## PROVIDED MATERIAL
★ ★ ★ ★ ★
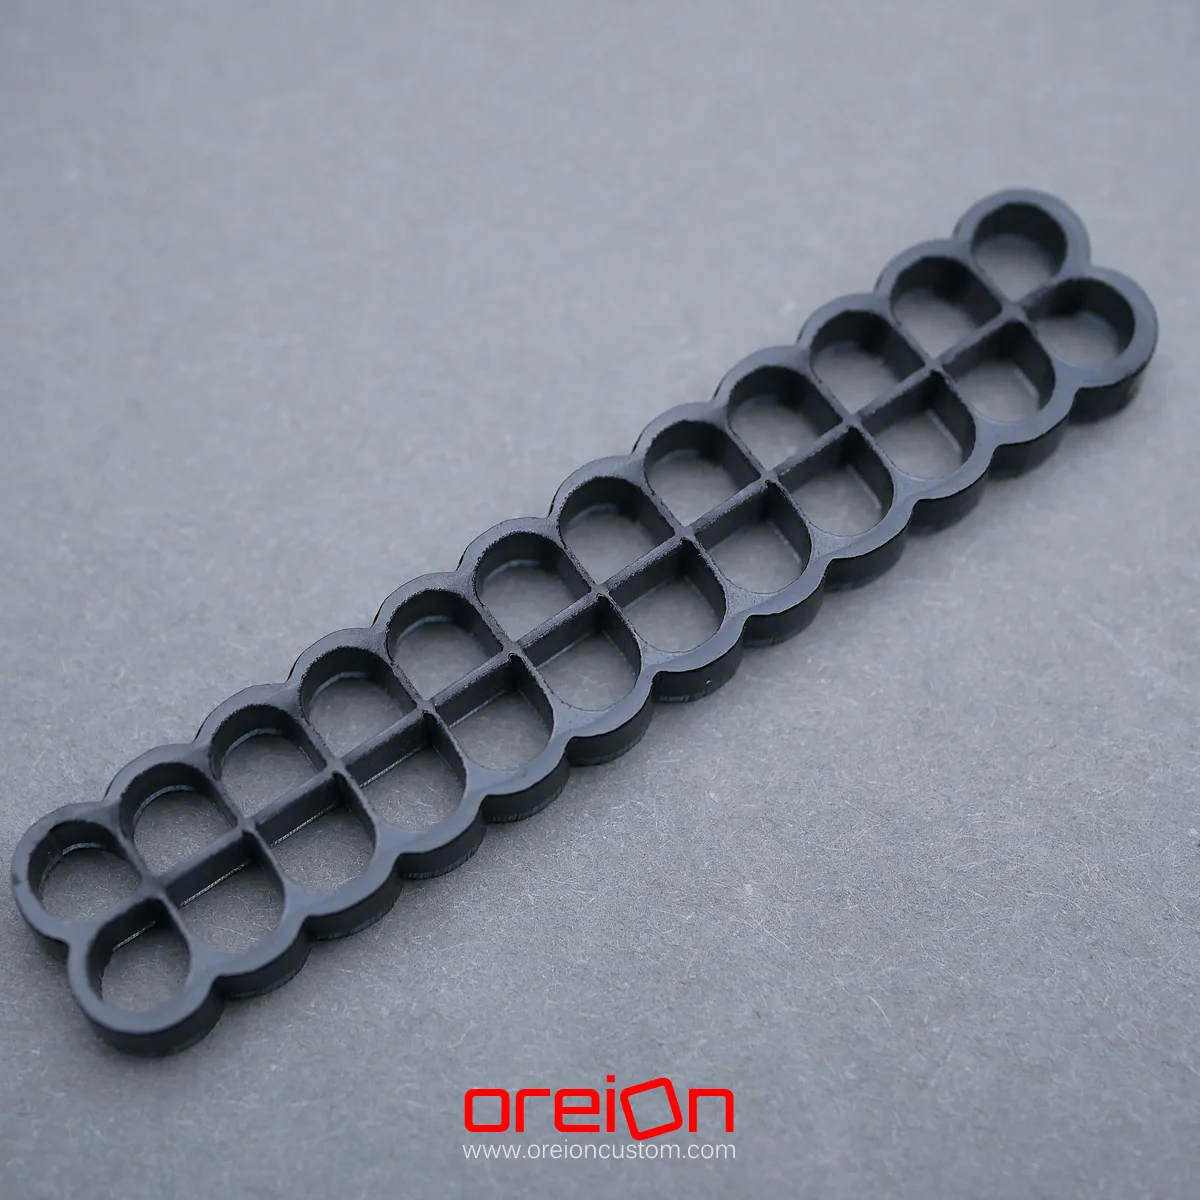 oreioncustom Cable Comb – black Closed 24 pin
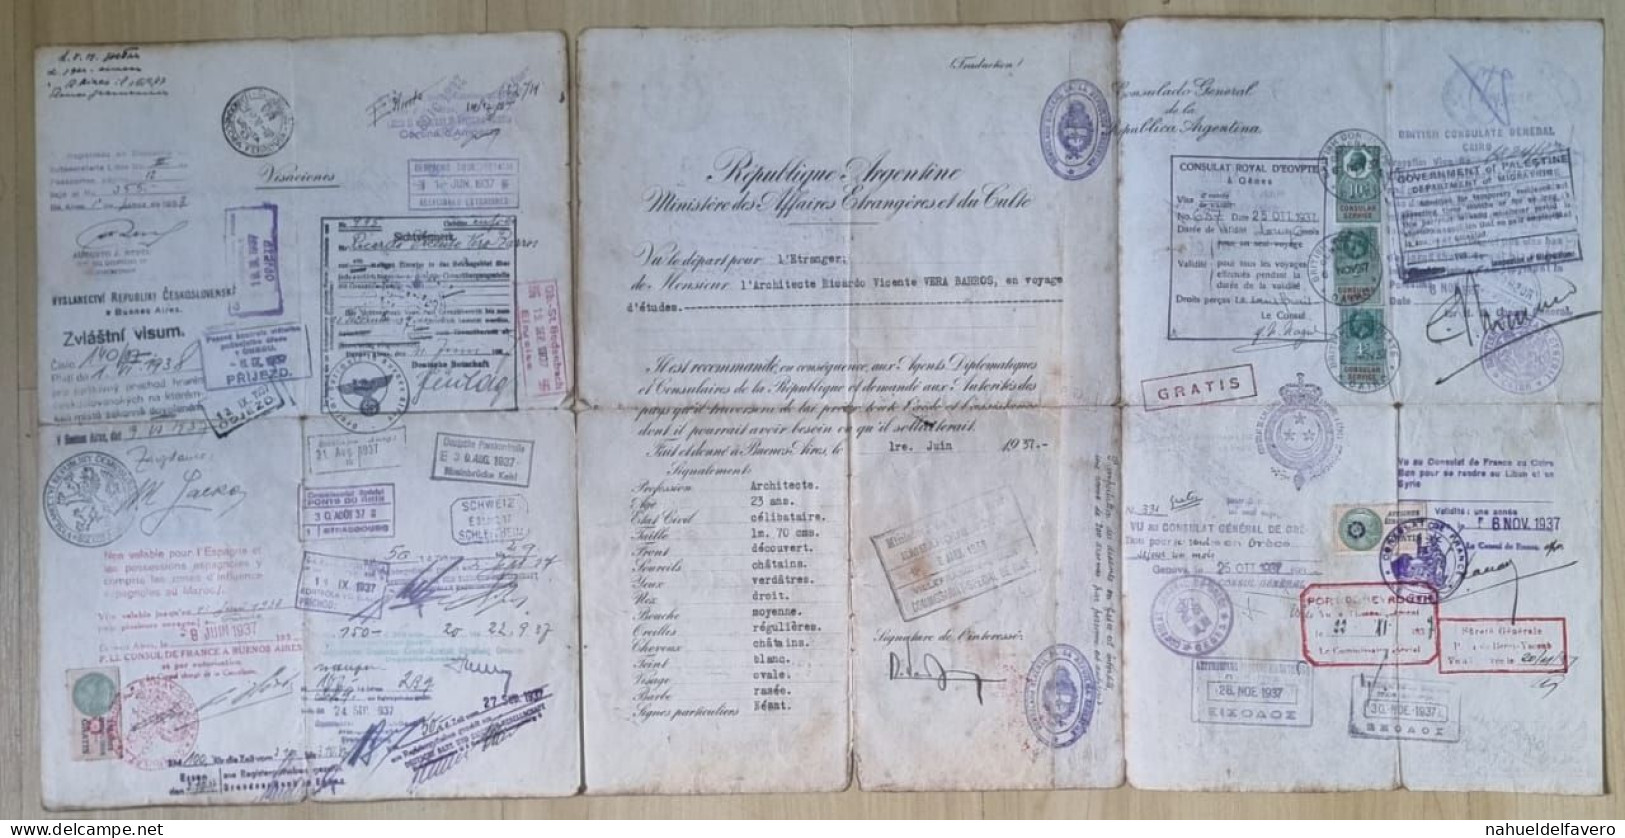 Argentina 1937 pasaporte con maracas y sellos de muchos paises
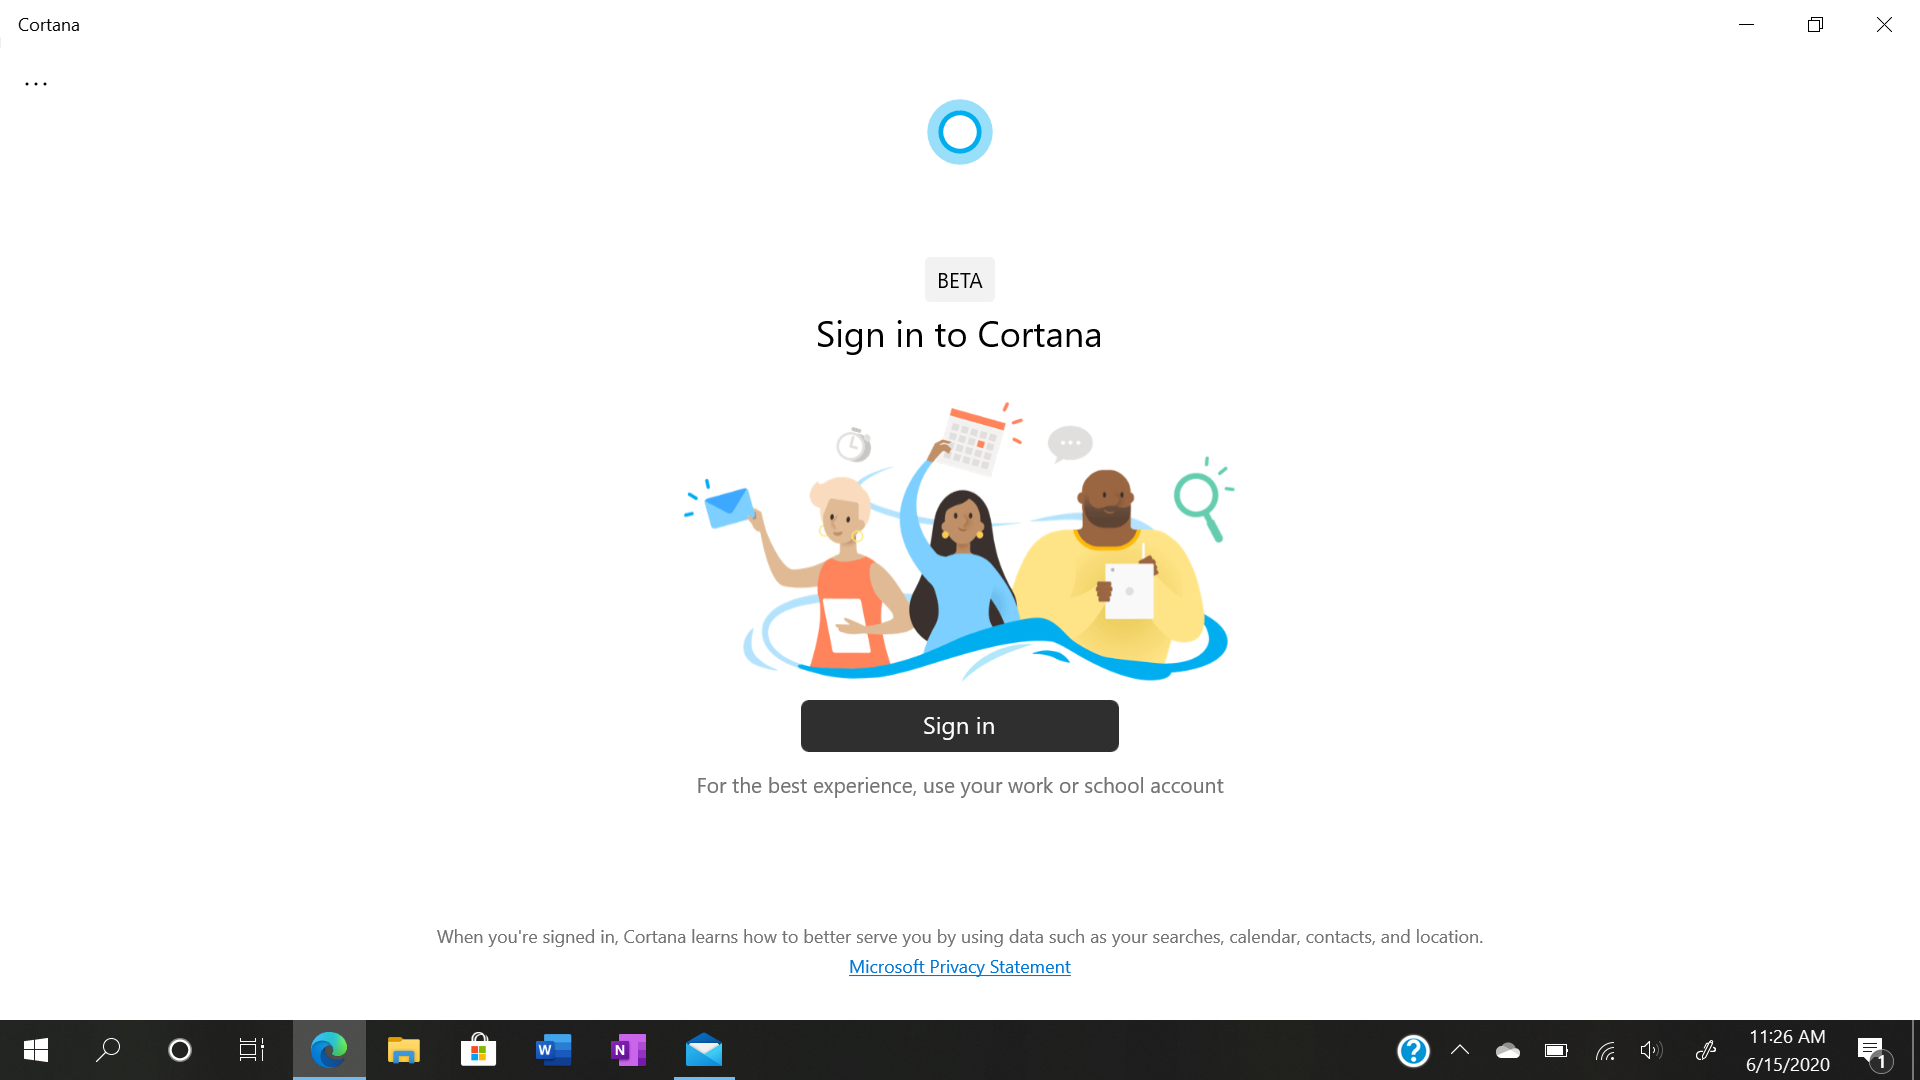 Cortana "BETA" WON'T sign in c572dcf6-da9d-47c2-9681-ec6f85e15bc1?upload=true.png
★ ★ ★ ★ ★
## ABOUT THIS TASK
Your reply should restate the data above word for word and contain no pictures.

## EXPECTED OUTPUT
 oreioncustom Cable Comb – black Closed 24 pin
 Argentina 1937 pasaporte con maracas y sellos de muchos paises
 Cortana "BETA" WON'T sign in c572dcf6-da9d-47c2-9681-ec6f85e15bc1?upload=true.png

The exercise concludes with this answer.